Definition of simple function
- $f$ is said to be a simple function if $f$ can be written as
$$f(\mathbf{x}) = \sum_{k=1}^{N} a_{_k} \chi_{_{E_k}}(\mathbf{x})$$
where $\{a_{_k}\}$ are distinct values for $k=1, 2, \cdots, N$ and
$\chi_{_{E_k}}(\mathbf{x})=\cases{1&if $\mathbf{x}\in E_k$\\0&if
$\mathbf{x}\notin E_k$}$.
Theorem $(4.12)$
- If $\{f_k\}$, is a sequence of measurable functions, then
$\displaystyle\limsup_{k\to\infty}f_k$ and
$\displaystyle\liminf_{k\to\infty}f_k$ are measurable. In particular
if $\displaystyle\lim_{k\to\infty}f_k$ exists a.e., it is
measurable.
Theorem $(4.13)$
- Every function $f$ can be written as the limit of a sequence
$\{f_k\}$ of simple functions.
Problem
If $f(x)$, $x\in\mathbb{R}^1$, is continuous at almost every point of an interval $[a, b]$, show that $f$ is measurable on $[a, b]$. Generalize this to functions defined in $\mathbb{R}^n$.
[For a constructive proof, use the subintervals of a sequence of partitions to define a sequence of simple measurable functions converging to $f$ a.e. in $[a, b]$. Use $(4.12)$.]
- By the theorem $(4.13)$, we can choose $\{f_k\}$, which are simple functions defined on $[a, b]$ and approaching to $f$. That is, choose $\{f_k\}$ such that, for $k=1, 2, \cdots$,
$$f_k=\sum_{i=1}^{N} a_{_i}^{(k)} \chi^{(k)}_{_{E_i}} \quad \text{and} \quad \displaystyle\lim_{k\to\infty}f_k=f$$ - Since $f$ is continuous a.e., $f_k$ are measurable for all $k\in\mathbb{N}$.
- Then, by the theorem $(4.12)$, $f$ is measurable.
Q1) Why are $f_1, f_2, \cdots, f_N$ all measurable?
Q2) Morever, if $f_k$ are all measurable, then how can I ensure that $\displaystyle \lim_{k\to\infty}f_k$ exists?
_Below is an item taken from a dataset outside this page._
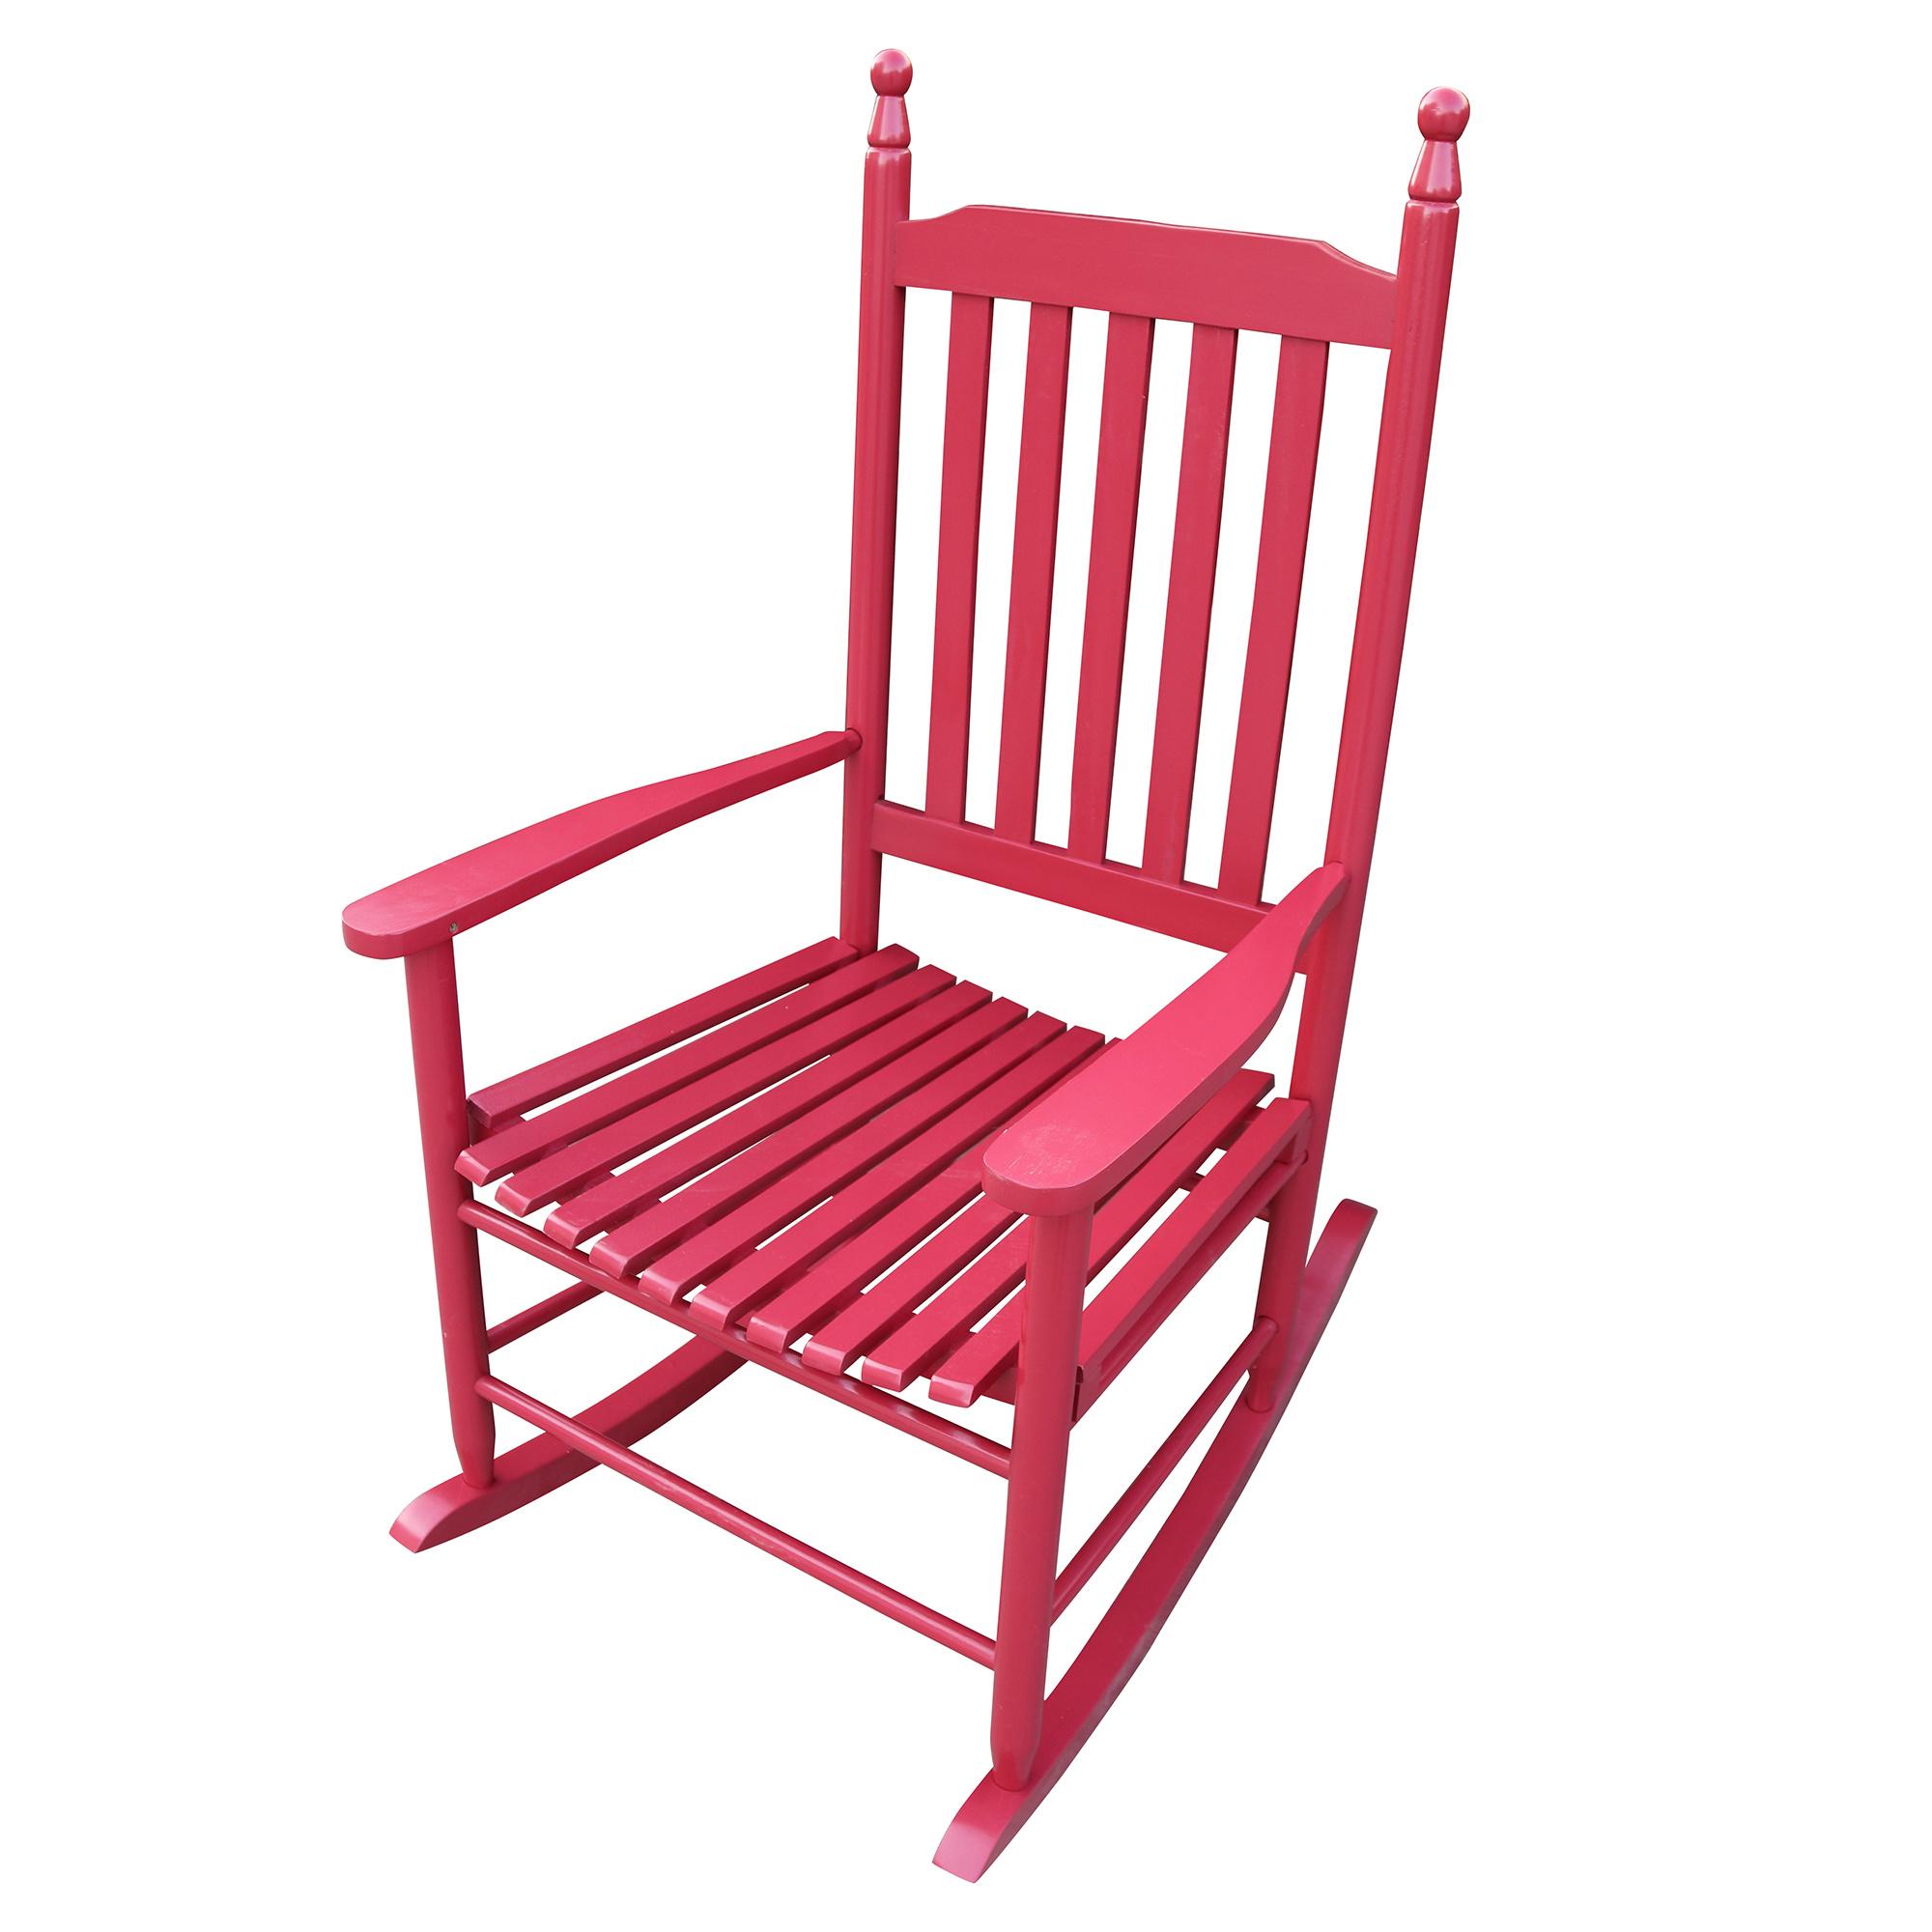 Patio Outdoor Rocking Chair, Wooden Porch Rocker Chair, Modern Leisure Ergonomic Chair with Sturdy Slatted Back Rest for Indoor Garden Lawn Deck Balcony Backyard, Supports up to 280 LBS, Red - image 4 of 7

Is it ensured by theorem $(4.13)$?
If there is any advice or other proofs, please let me know them. Thank you.
Best Answer
Suppose $f: [a,b]\to \mathbb R$ is continuous at a.e. point of $[a,b].$ Let $D$ be the set of points of discontinuity of $f$ in $[a,b].$ Then $m(D)=0.$ We therefore have $E = [a,b]\setminus D$ measurable, and $f$ is continuous on $E.$
Let $c\in \mathbb R.$ Then
$$\tag 1 f^{-1}((c,\infty)) = [f^{-1}((c,\infty))\cap E] \cup [f^{-1}((c,\infty))\cap D].$$
Because $f$ is continuous on $E,$ the first set on the right of $(1)$ is open in $E.$ Thus it equals $E \cap U$ for some $U$ open in $\mathbb R.$ Because $E,U$ are both measurable, so is $f^{-1}((c,\infty))\cap E.$ And because $m(D) = 0,$ any subset of $D$ is measurable. It follows that $(1)$ is the union of two measurable sets, hence is measurable, and we're done.